One who has experienced the joy of a pack trip to the higher mountain ranges knows what enchanting vistas are unfolded to the view. The grass, the flowers, the trees, the stars that one has known are there; but their loveliness is transmuted into a whole new world of beauty and majesty. There is a stillness in the higher ranges which is something more than absence of the noise and bustle of the world below. The quietude that waits on God is there.
A parallel may be drawn in the experience of one who has been healed in Christian Science of some bodily ill and goes on to unfold those qualities of Spirit, whose dawn in consciousness brought about the physical resuscitation. One's thought is illumined and one's experience is harmonized by the change in viewpoint through which such healing is accomplished. This harmony often satisfies the human sense, and one basks for a while in the new-found freedom which physical healing brings about.
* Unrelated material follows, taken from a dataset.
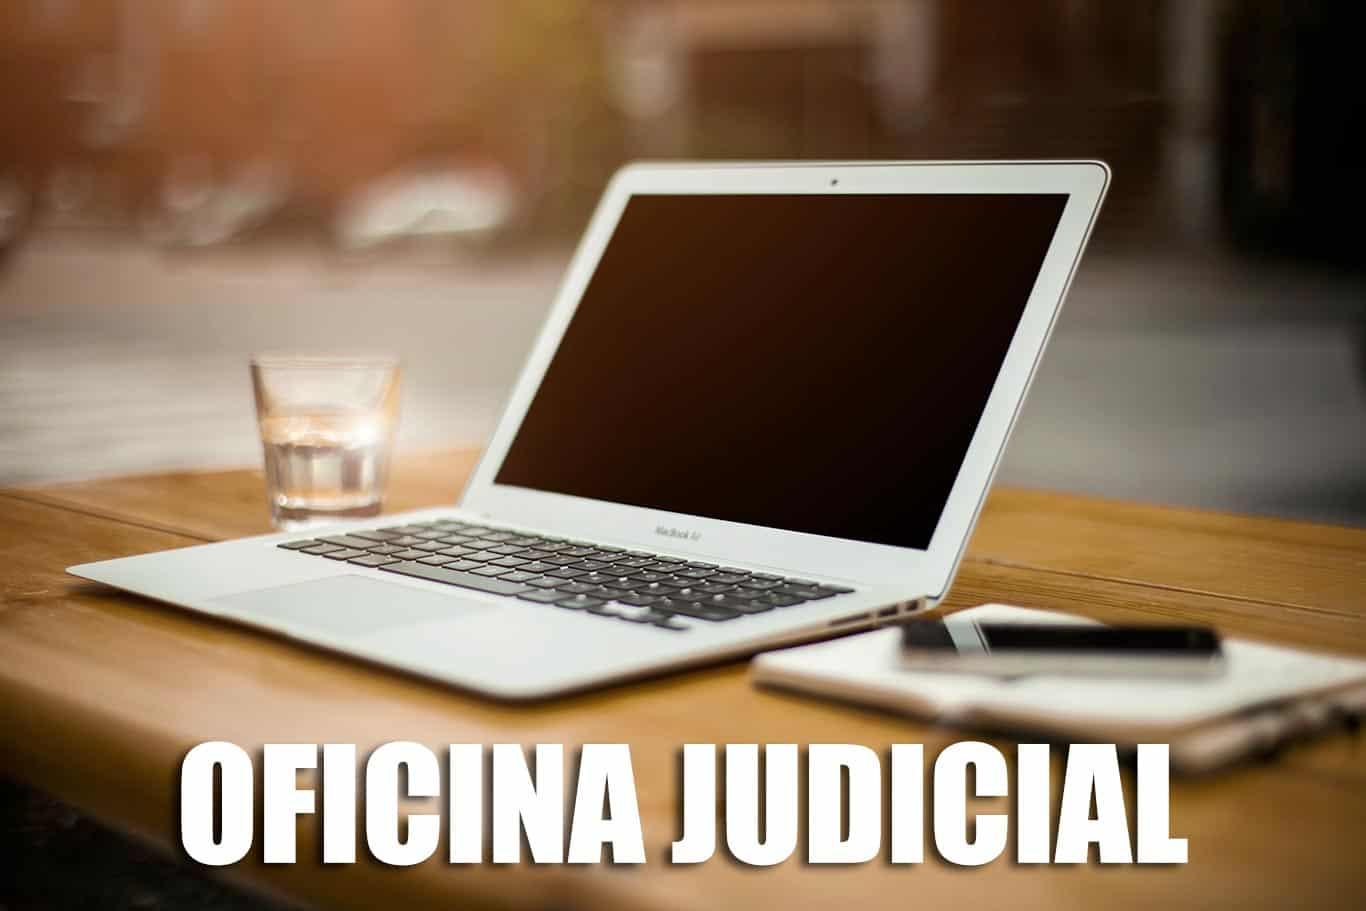 portal-oficina-judicial

But there comes a time when one is called upon to understand Mary Baker Eddy's meaning in her discussion of the question in "Rudimental Divine Science" (p. 2), "Is healing the sick the whole of Science?" Her answer is precise and unequivocal. It begins with these statements: "Healing physical sickness is the smallest part of Christian Science. It is only the bugle-call to thought and action, in the higher range of infinite goodness. The emphatic purpose of Christian Science is the healing of sin."